[R] How Can SVD Reconstruct a Matrix

[Martyn Byng]

Hi,

The G matrix can be constructed from the SVD because GGt is square and symmetric, so the matrices of the left and right singular values (i.e. U and V) are the same.

Martyn

-----Original Message-----
From: r-help-bounces at r-project.org [mailto:r-help-bounces at r-project.org] On Behalf Of Peter Brady
Sent: 14 August 2014 07:58
To: r-help at r-project.org
Subject: [R] How Can SVD Reconstruct a Matrix

Hi All,

I've inherited some R code that I can't work out what they've done.  It appears to work and give sort of reasonable answers, I'm just trying to work out why they've done what they have.  I suspect that this is a simple vector identity that I've just been staring at too long and have forgotten...

The code:

GGt <- M0 - M1 %*% M0inv %*% t(M1)
svdGG <- svd(GGt)
Gmat <- svdGG$u %*% diag(sqrt(svdGG$d))

It is supposed to solve:

G*G^T = M0 - M1*M0^-1*M1^T

for G, where G^T is the transpose of G.  It is designed to reproduce a numerical method described in two papers:

Srikanthan and Pegram, Journal of Hydrology, 371 (2009) 142-153, Equation A13, who suggest the SVD method but don't describe the specifics, eg: "...G is found by singular value decomposition..."

Alternatively, Matalas (1967) Water Resources Research 3 (4) 937-945, Equation 17, say that the above can be solved using Principle Component Analysis (PCA).

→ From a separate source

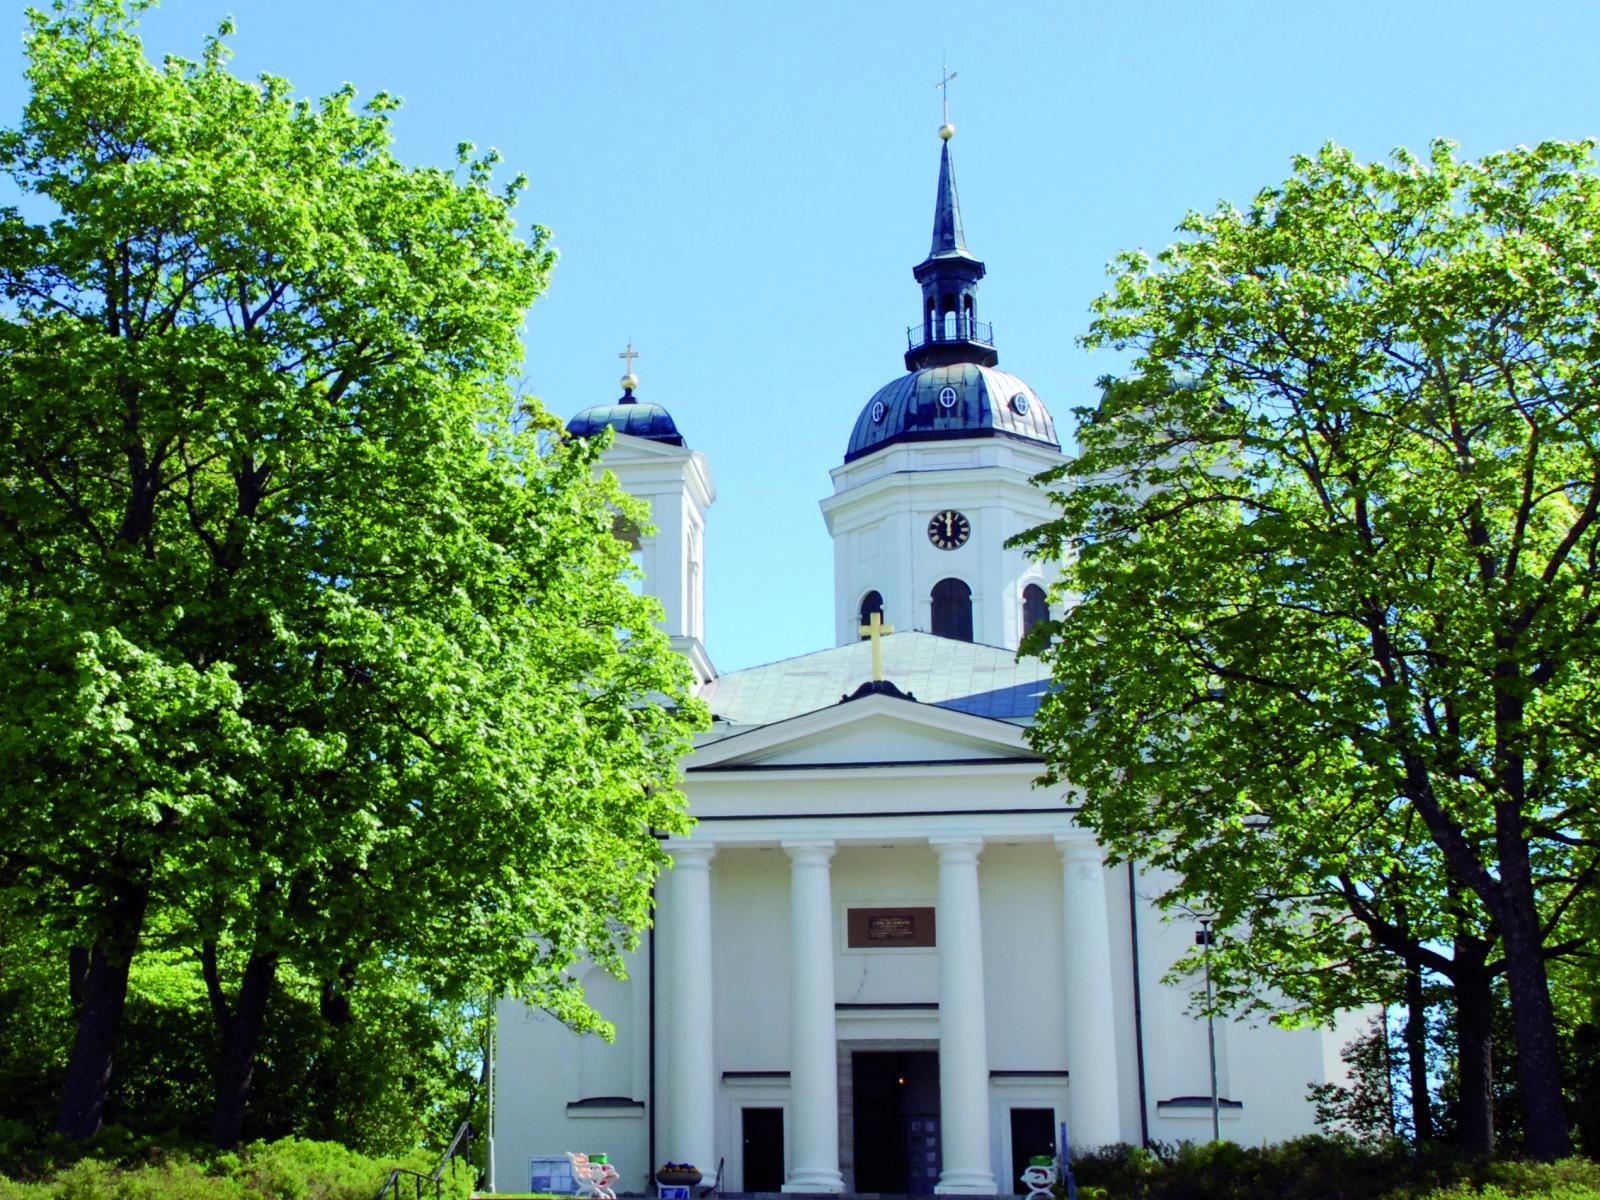 Härnösands Domkyrka – the white cathedral
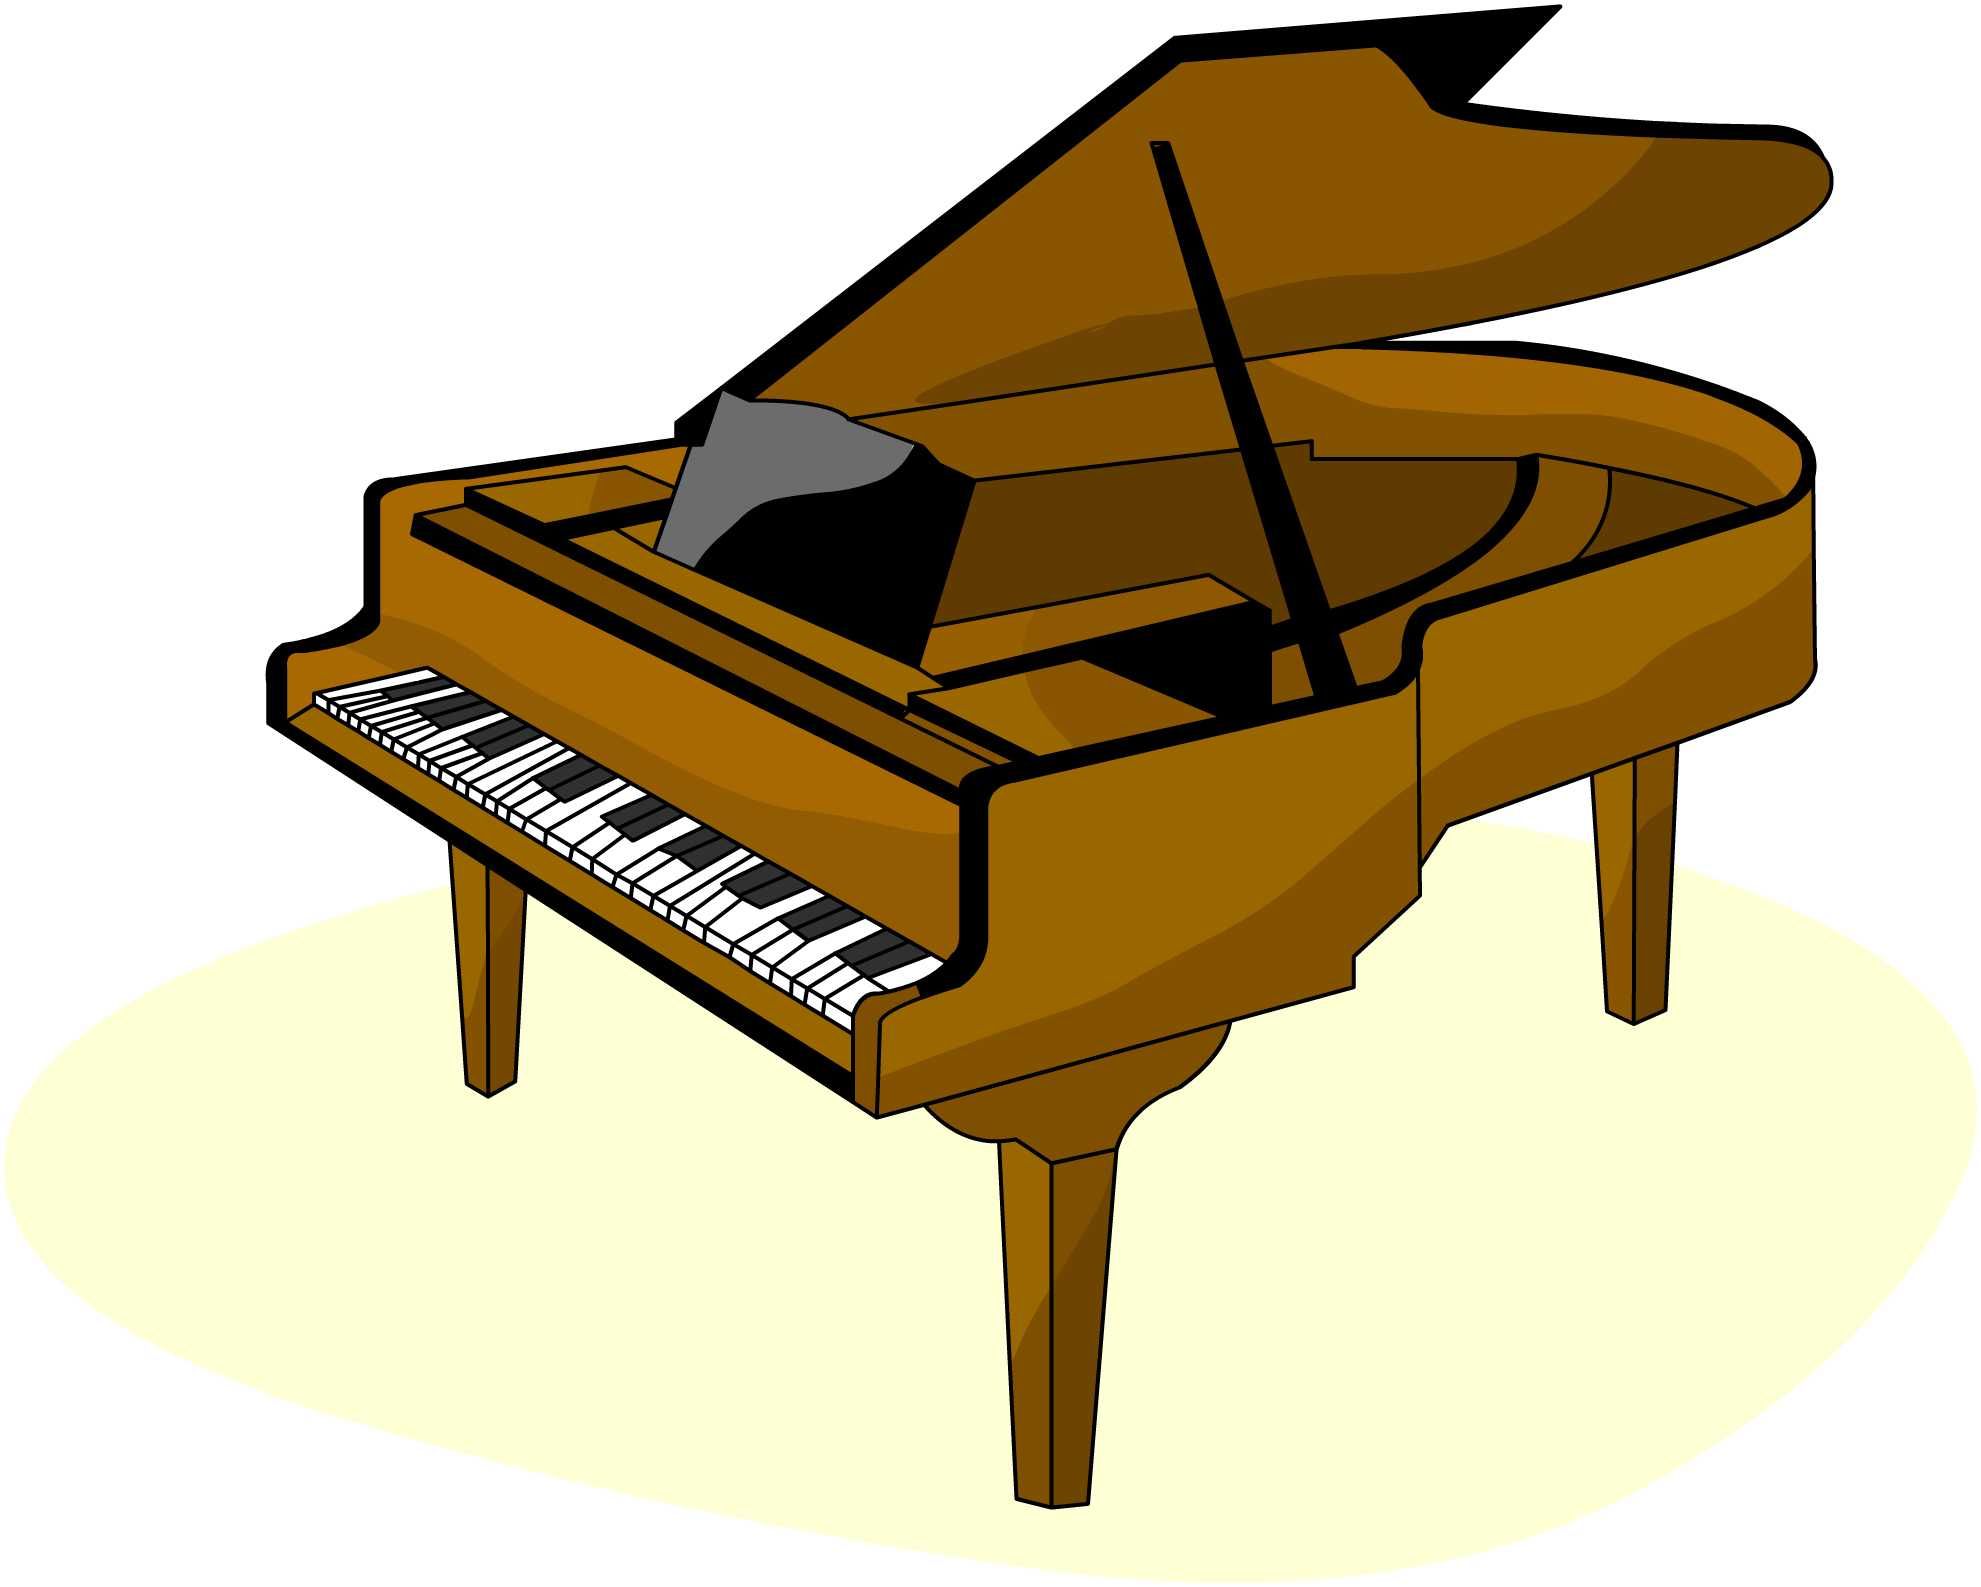 Upright piano clipart free cl - Piano Clipart

I use PCA (specifically POD) and SVD to look at the components after decomposition, so I'm a bit lost as to how the original matrix G can be constructed in this case from only the singular values and the left singular vectors.  Like I said earlier, I suspect that this is a simple array identity that I've forgotten.  My Google Fu is letting me down at this point.

My questions:
1) What is the proof, or where can I better find it to satisfy myself, that the above works?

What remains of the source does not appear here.